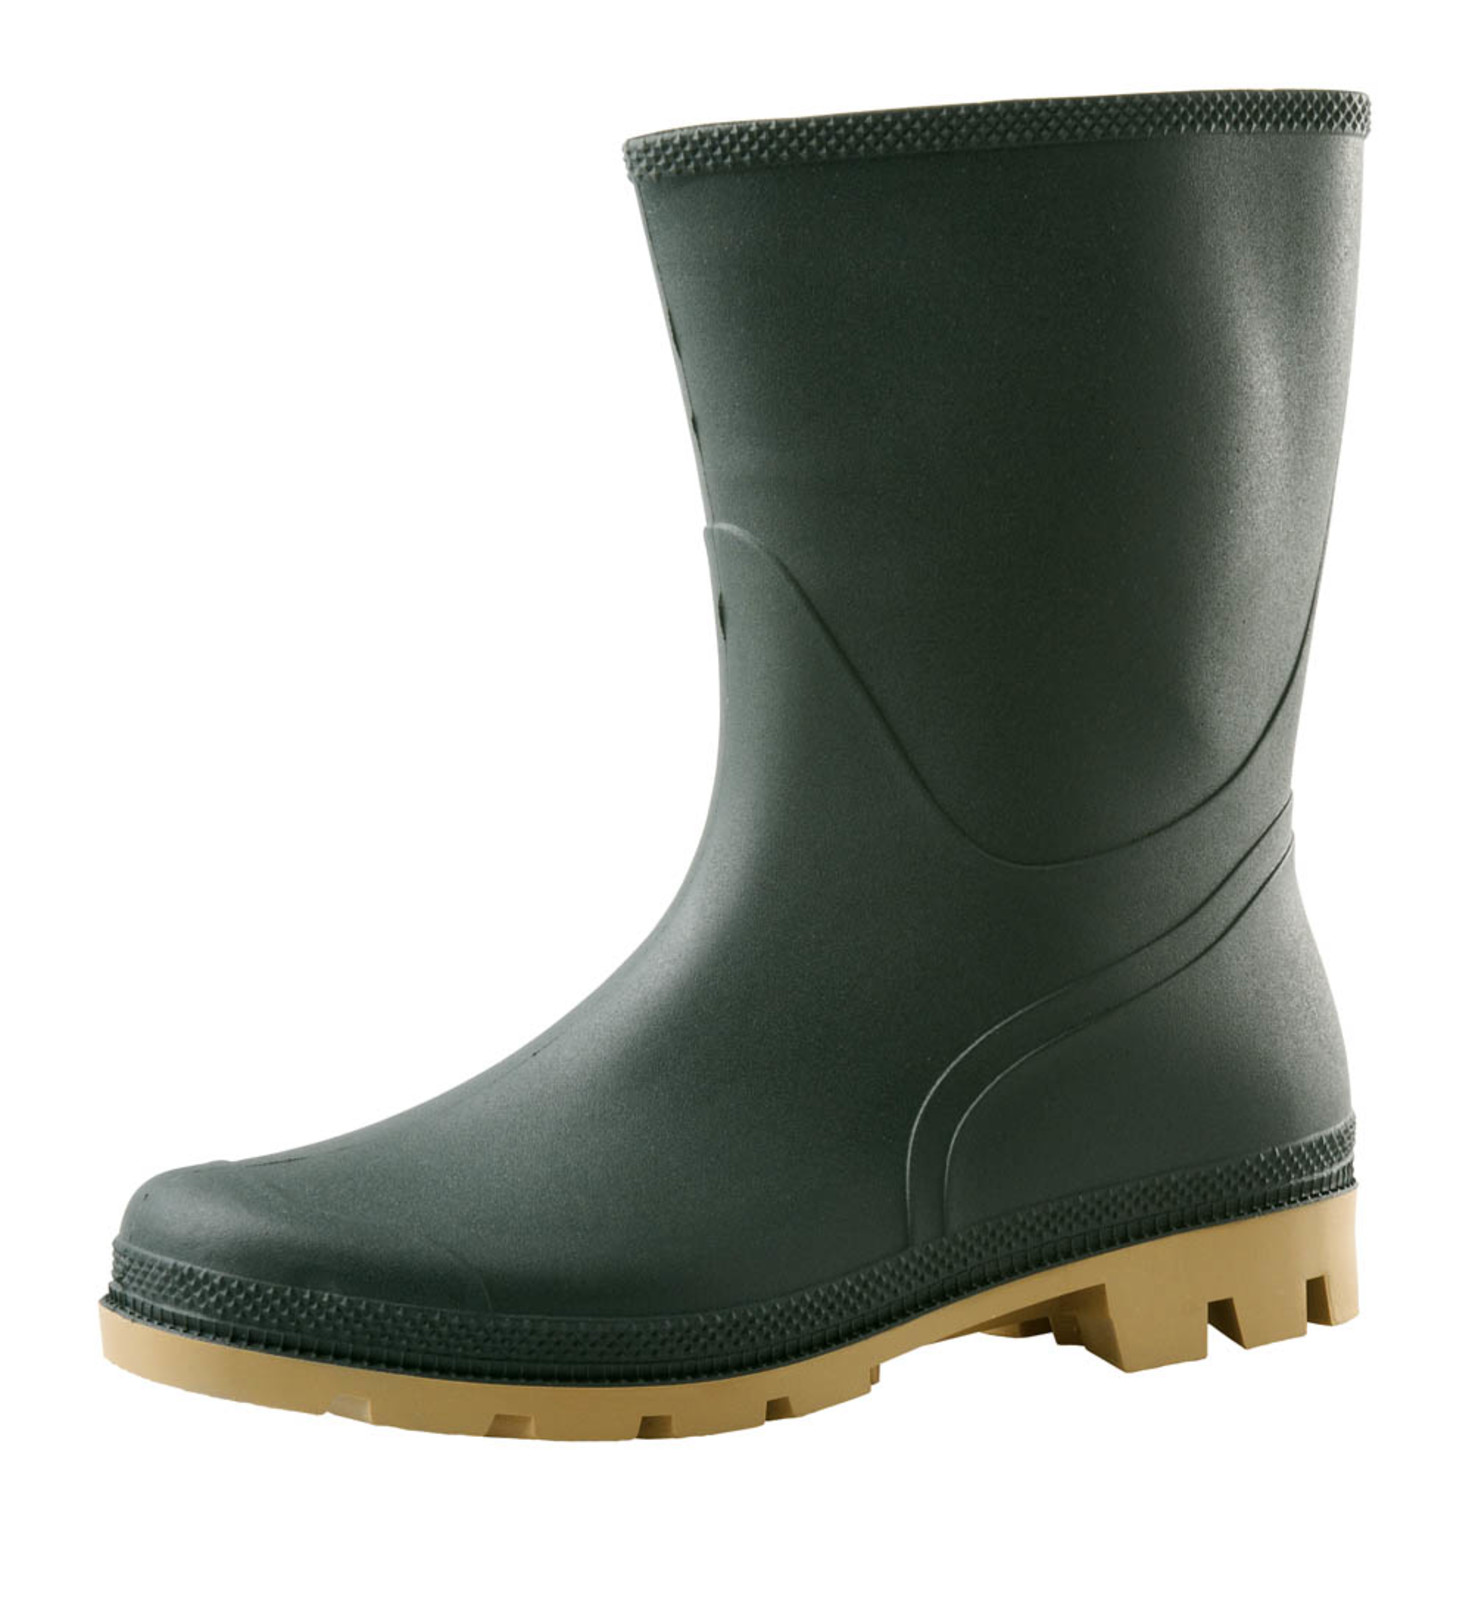 Gumáky Boots Troncheto PVC nízke - veľkosť: 37, farba: zelená
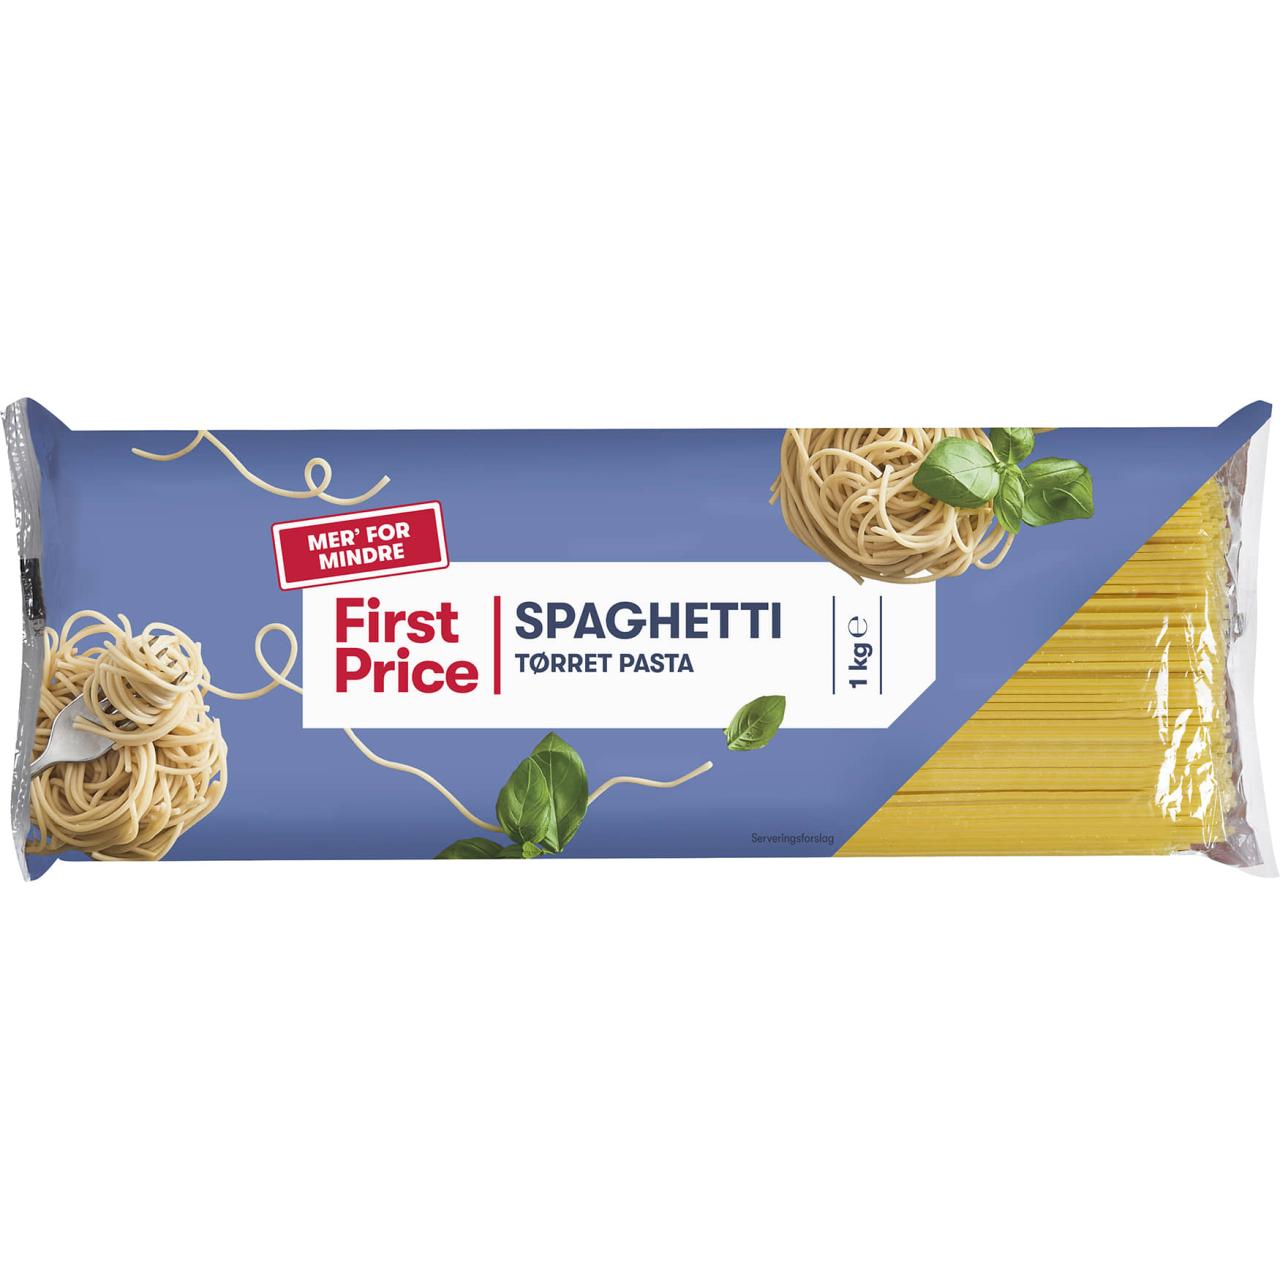 First Price Spaghetti 1kg
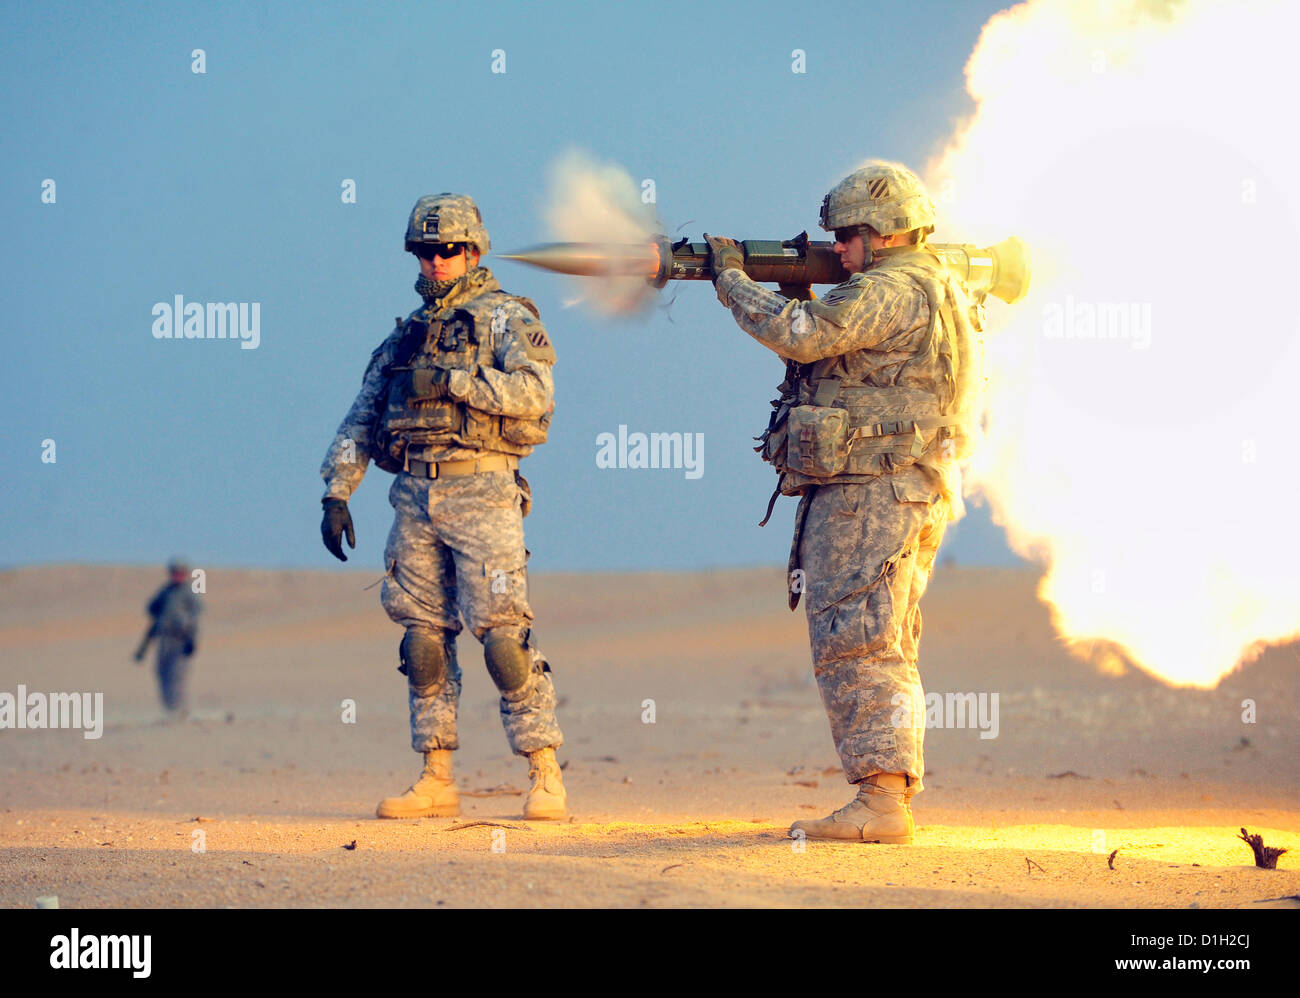 Un soldat de l'armée américaine une antichar AT-4 arme pendant la formation à l'Udairi complexe gamme le 20 décembre 2012 près du Camp Buehring, le Koweït. À l-4 est un appareil portable, les canons sans recul arme destinée à détruire massivement les véhicules blindés. Banque D'Images
------------------------------------------------------------------------
- Task
Without the pictures, give every line of the data again, exactly as written.

- Result of this exercise
 Gumáky Boots Troncheto PVC nízke - veľkosť: 37, farba: zelená
 First Price Spaghetti 1kg
 Un soldat de l'armée américaine une antichar AT-4 arme pendant la formation à l'Udairi complexe gamme le 20 décembre 2012 près du Camp Buehring, le Koweït. À l-4 est un appareil portable, les canons sans recul arme destinée à détruire massivement les véhicules blindés. Banque D'Images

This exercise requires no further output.